Conventional live performances marking Beethoven’s 250th birthday may be curtailed, but recordings already in the bag still pop up to remind us of the composer’s indomitable spirit. Stephen Hough and the Finnish Radio Symphony Orchestra went before the microphones with the five piano concertos last June, two weeks after public concerts in Helsinki. The result? Wonderful, almost miraculous.
Forget Hough’s brilliant fingers for the moment. The first joy to hit is the orchestra’s trim, warm, blended sound, the clear result of close grooming from its painstaking conductor, Hannu Lintu. You rarely find playing of such individual character from any broadcasting ensemble. Forces are relatively modest, with pairs of brass and woodwinds resting on a lightly comfortable bed of strings. It’s an orchestra that accommodates a soloist as a snug glove fits a hand, and even when Beethoven pits them against each other, loud versus soft, rough versus tender, you still feel the pair in dialogue, thinking each other’s thoughts.

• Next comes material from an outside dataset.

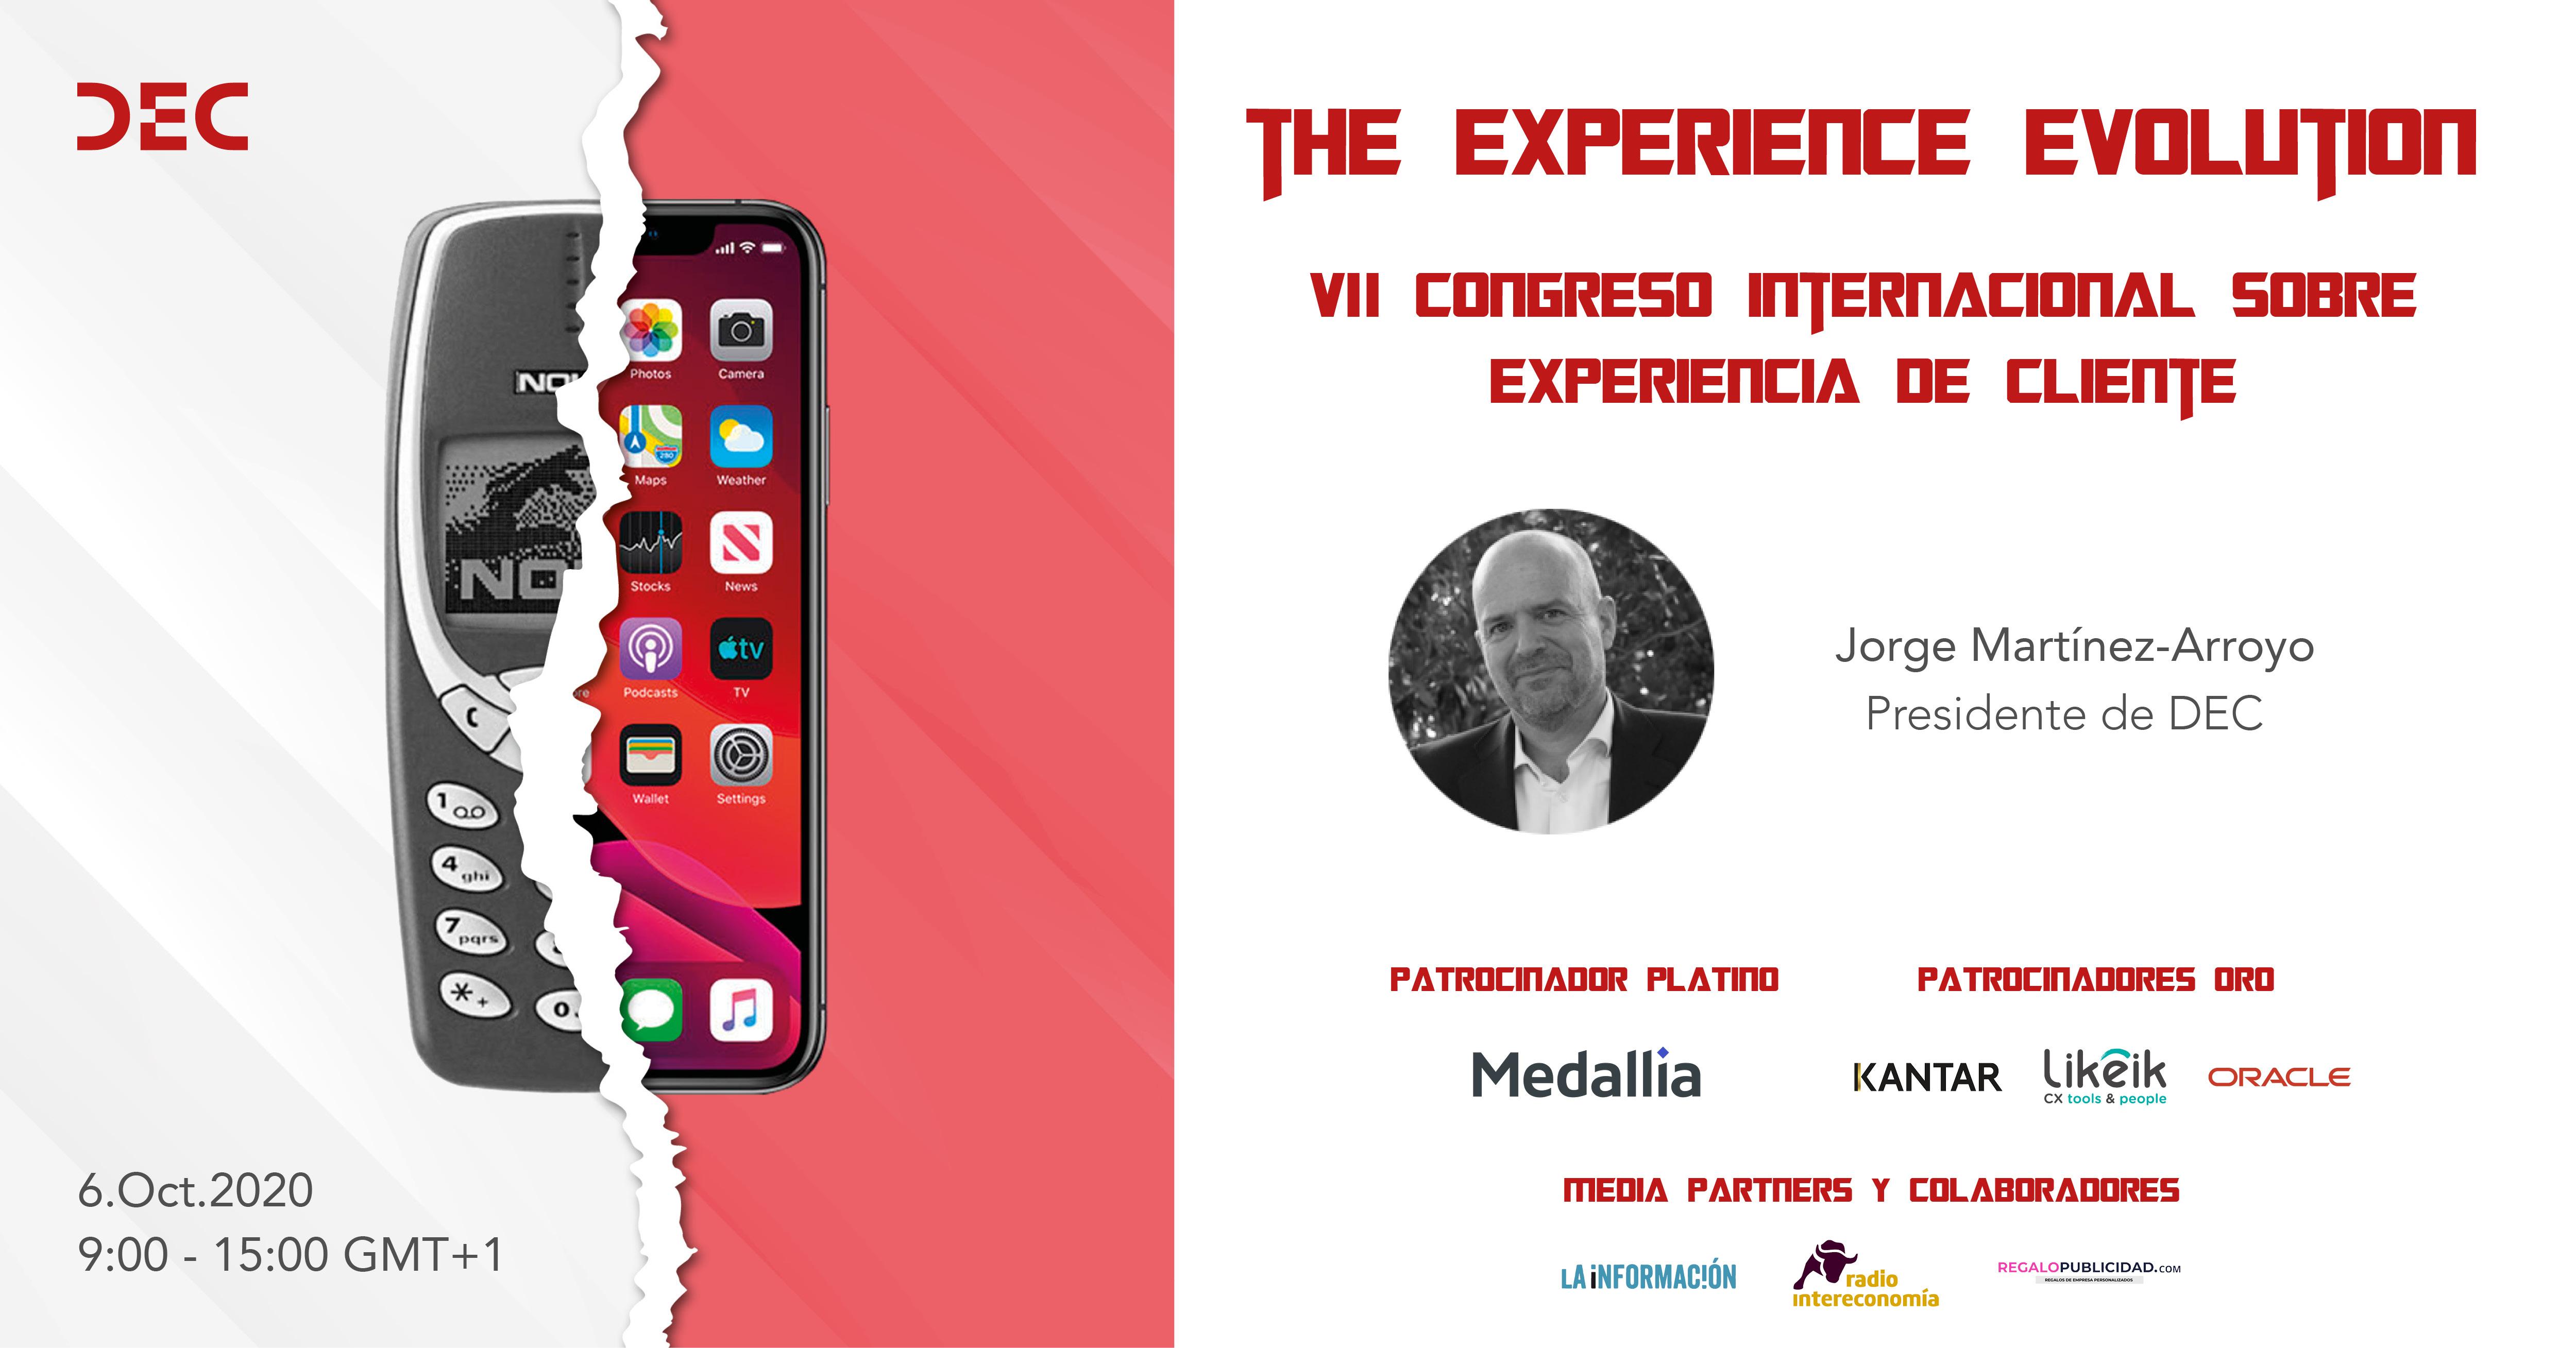 Jorge Martinez-Arroyo en el VII Congreso DEC - Presentacion

As for Hough, there isn’t a colour, weight of attack or nuance of phrasing or rhythm that passes him by. Yet every effect, from the decorative flights in the early concertos to the imperial fortissimos of No 5, arrives and departs with natural ease. The most thrilling and moving performance? I’d nominate the kaleidoscopic No 3, blessed here with a particularly fiery Beethoven cadenza and a central largo so tenderly, thoughtfully stroked and probed that my tear ducts opened. No 4 is the runner-up: a total delight from the piano’s opening musings to the orchestra’s cute hesitation before the final chord. There are no losers, either, among the other three.